La ricerca estenuante della perfezione (ogni cosa intorno a me nello spazio deve essere come voglio che
sia, al 100%) e dell’infallibilità (ogni cosa che accade nel tempo deve corrispondere al 100% a ciò che ho previsto) ha un costo molto pesante in termini di risorse del pianeta e tempo di vita degli esseri umani.
Il pianeta: siamo in un vicolo cieco. Questa corsa affannosa sta consumando risorse, rubandole alle generazioni che verranno (ad esempio, non riciclare tutto il rame utilizzato è un crimine) e sta causando un cambiamento troppo rapido del clima, che ha già rubato parte dei bianchi ghiacciai delle nostre più alte montagne, le Alpi.
Gli esseri umani: se ci fermiamo un attimo a riflettere, ci accorgiamo che la cosa più preziosa che abbiamo è il tempo della nostra vita. Quanto ne sprechiamo in una corsa affannosa per fare e comperare? La misura di questo spreco è la mancanza di serenità e gioia nel nostro cuore, che si riflette nella mancanza di luce nei nostri occhi. Luce che è così facile trovare negli occhi delle genti dei paesi a economia debole, che hanno molto meno denaro e molto più tempo.

2. Il coraggio di accettare l’imperfezione e la fallibilità.

(Ovvero: “Meno stanchezza e rabbia, più tempo e sorrisi”)
Se non pretendiamo più che ogni cosa sia perfetta, se la smettiamo di affannarci perché ogni cosa accada come abbiamo previsto, se cessiamo di illuderci che la vita sia priva di rischi e imprevisti, riduciamo enormemente il tempo che dedichiamo a raggiungere questo inarrivabile obiettivo. E diminuiamo il corrispondente consumo di risorse.
Se accettiamo che le cose siano perfette solo al 90%, consumiamo risorse (e tempo di vita) per 50. Se ci poniamo l’obiettivo della perfezione al 100%, dobbiamo raddoppiare il consumo di risorse (e tempo di vita). Quest’ultimo pezzetto è faticosissimo da ottenere!
Oltretutto, la natura ci fa sempre qualche scherzetto: al 100% è quasi sempre impossibile arrivare, crediamo di esserci arrivati ma in realtà a spese di sforzi spaventosi siamo arrivati soltanto al 99%.
Quando quell’ultimo punto percentuale di imprevedibilità si manifesta, facendo sballare le nostre previsioni, ci arrabbiamo da matti. Così, già esausti per lo sforzo spaventoso fatto, per di più ci arrabbiamo. Stanchi e arrabbiati.
Ne vale la pena?
Forse meglio accontentarsi del 90% e sorridere per il 10% mancante, che ne dite?

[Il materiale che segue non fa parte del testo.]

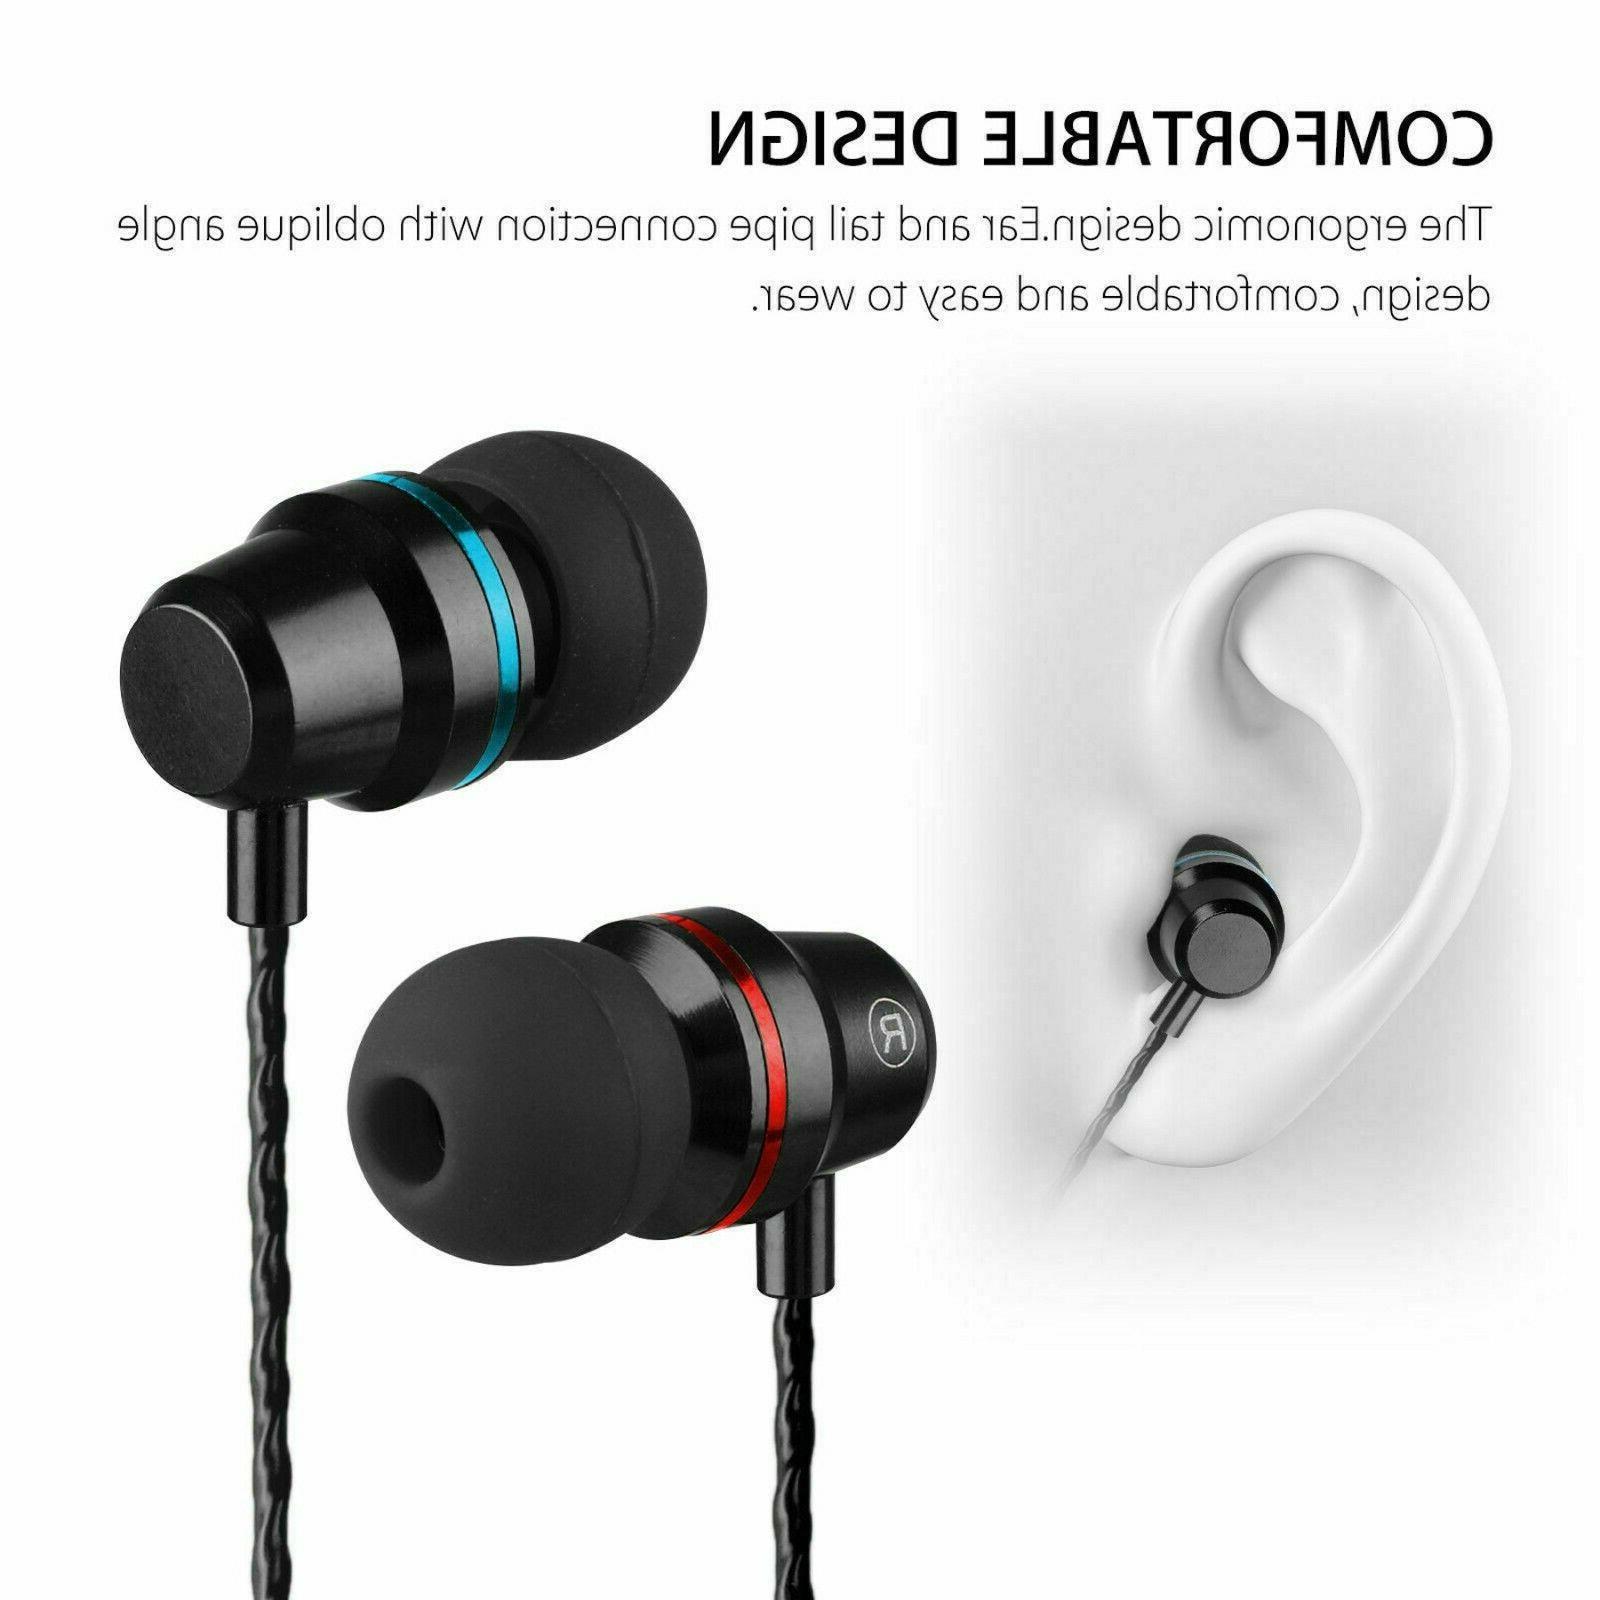 3.5mm Headset Earphone Stereo Earbuds Headphone Wired Mic

3. Il terrore del batterio, l’indifferenza per i veleni.

(Ovvero: “Usiamo le bilance non solo per la farina, ma anche per la nostra vita”)
Un altro modo in cui si manifesta l’illusoria aspirazione alla perfezione e all’infallibilità è la disinfezione.
Un’altra caratteristica di questa cultura è infatti il terrore del batterio. Si cerca di eliminare ogni batterio da ogni luogo, non considerando che:
  1. Quello tra il nostro corpo e i batteri è un dialogo continuo: dalla capacità del nostro corpo di incontrarsi con gli agenti estranei e produrre anticorpi deriva la forza del nostro sistema immunitario. Batteri esistono dappertutto, ma proprio il contatto con essi consente al nostro corpo di mantenere adeguata vigilanza e capacità di reagire. Solo quando il corpo non ha la capacità di reagire, i batteri prendono il sopravvento.
    Ma un corpo che non abbia mai incontrato un batterio non è in grado di sviluppare un sistema immunitario efficace. Per questo un corpo sano dovrebbe essere in grado di far fronte ai batteri comuni: per questi basta una normale igiene. Una sterilizzazione più spinta è necessaria solo dove e quando si profilasse un reale pericolo sanitario. Bisogna inoltre ricordare che esiste anche una flora batterica “benefica”, che vive in simbiosi con il nostro corpo e anzi ci aiuta in certe funzioni – per esempio la digestione – e tale flora batterica viene distrutta da una disinfezione spinta.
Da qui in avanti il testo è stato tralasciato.